I actually did that. I spent a morning changing formatting calls in the order processor because I had read f-strings were faster. The script was still slow. I had not found the loop yet.
Now you have the sequence. cProfile to find the bottleneck. timeit to confirm the fix works. O(n²) patterns fixed first, constant factors after. The billing report fix you made without measuring — run timeit on it today with 1,000 words and see the actual ratio. The number you produce is yours. Not from a blog post — from your machine, your function, your input.
I want to see the actual number. If it is genuinely 10x at a thousand records, that changes how I write loops going forward. Not because I read it was better — because I measured it.
That is the Week 3 shift. Evidence, not intuition. Tomorrow is lru_cache — the standard memoization decorator. You mentioned the discount tier function that gets called hundreds of times per request. Bring it.
Why += on strings is O(n²). Python strings are immutable objects. str.__iadd__ (the += operator) cannot append to the existing string in place; it must allocate a new string object of size len(current) + len(addition), copy current into it, copy addition after it, and release the old current for garbage collection. CPython has an optimization for the simple case where the string being accumulated has a reference count of 1 — it can sometimes reallocate in place. But this optimization does not apply reliably in loops where the variable name may have multiple references, or where the list holding partial results is referenced elsewhere. The safe assumption is that every += in a loop does a full copy.

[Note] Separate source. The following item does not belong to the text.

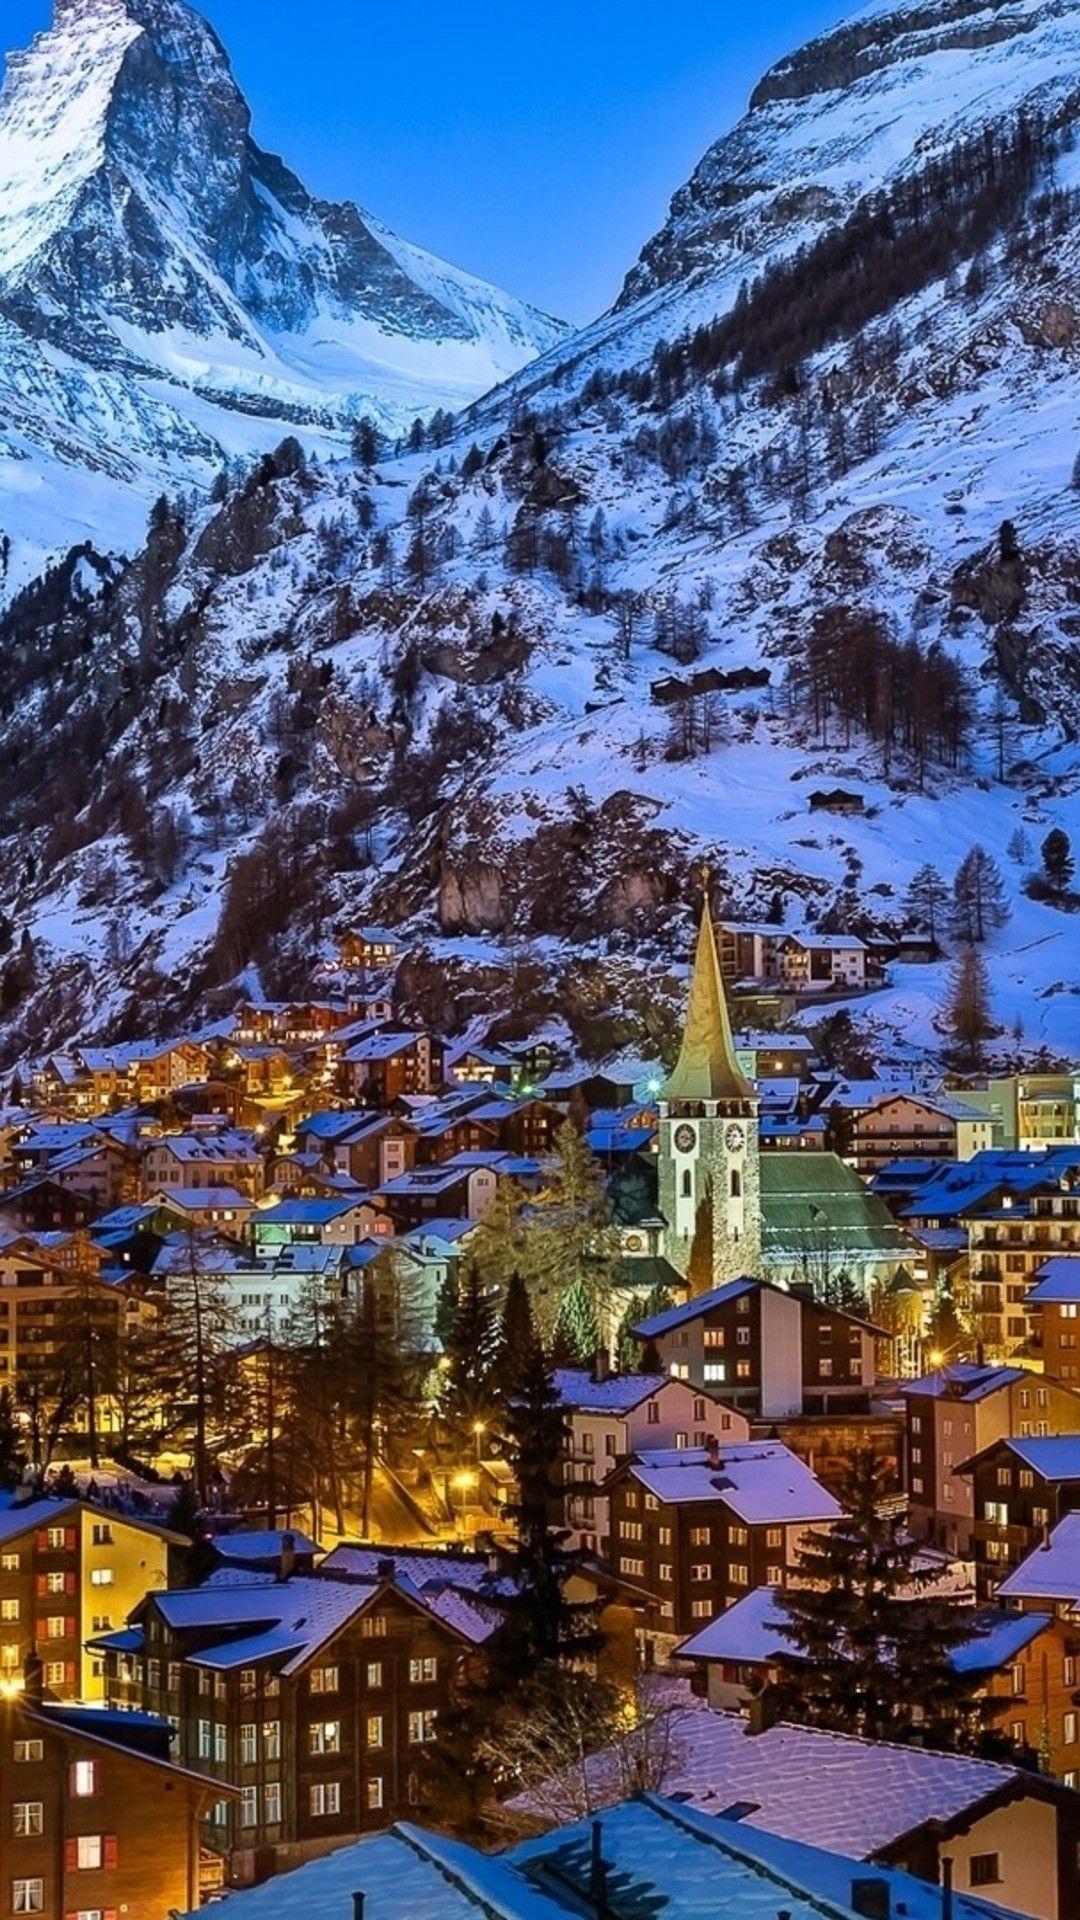 Thụy Sĩ được biết đến với những cảnh quan tuyệt đẹp, và bộ sưu tập hình nền Thụy Sĩ đẹp nhất miễn phí này sẽ đưa bạn đến những nơi thật tuyệt vời. Tận hưởng vẻ đẹp nguyên thủy và đậm chất của nơi đây, chỉ cần một cú click chuột là bạn đã đến với Thụy Sĩ.

Why str.join is O(n). The CPython implementation of str.join makes two passes. In the first pass, it iterates the sequence to compute the total length of the result. It then allocates a single string buffer of exactly that size. In the second pass, it copies each element into the buffer at the correct offset. Total work: two linear passes over the sequence plus one allocation. This is why str.join requires that its argument be a sequence, not just an iterable — it needs to iterate it twice. When you pass a generator, Python materializes it into a list to enable the two-pass algorithm.
The list comprehension advantage for join. "".join([x for x in items]) is faster than "".join(x for x in items) for the reason above: the list is already materialized when join receives it, so join can make both passes directly. The generator version requires join to build an internal list first, then make the same two passes. The extra step is small but measurable in tight loops. The rule: when using join, pass a list or list comprehension, not a generator expression.
f-string versus .format() at the CPython level. f-strings are compiled to LOAD_FAST and FORMAT_VALUE bytecode instructions at compile time. .format() calls require a string parsing step at runtime to process the format spec. The difference is roughly 10-30% per call, which matters only in code that formats millions of strings per second. For application code that formats a few thousand records in a batch job, the difference is invisible next to any O(n²) pattern in the same function.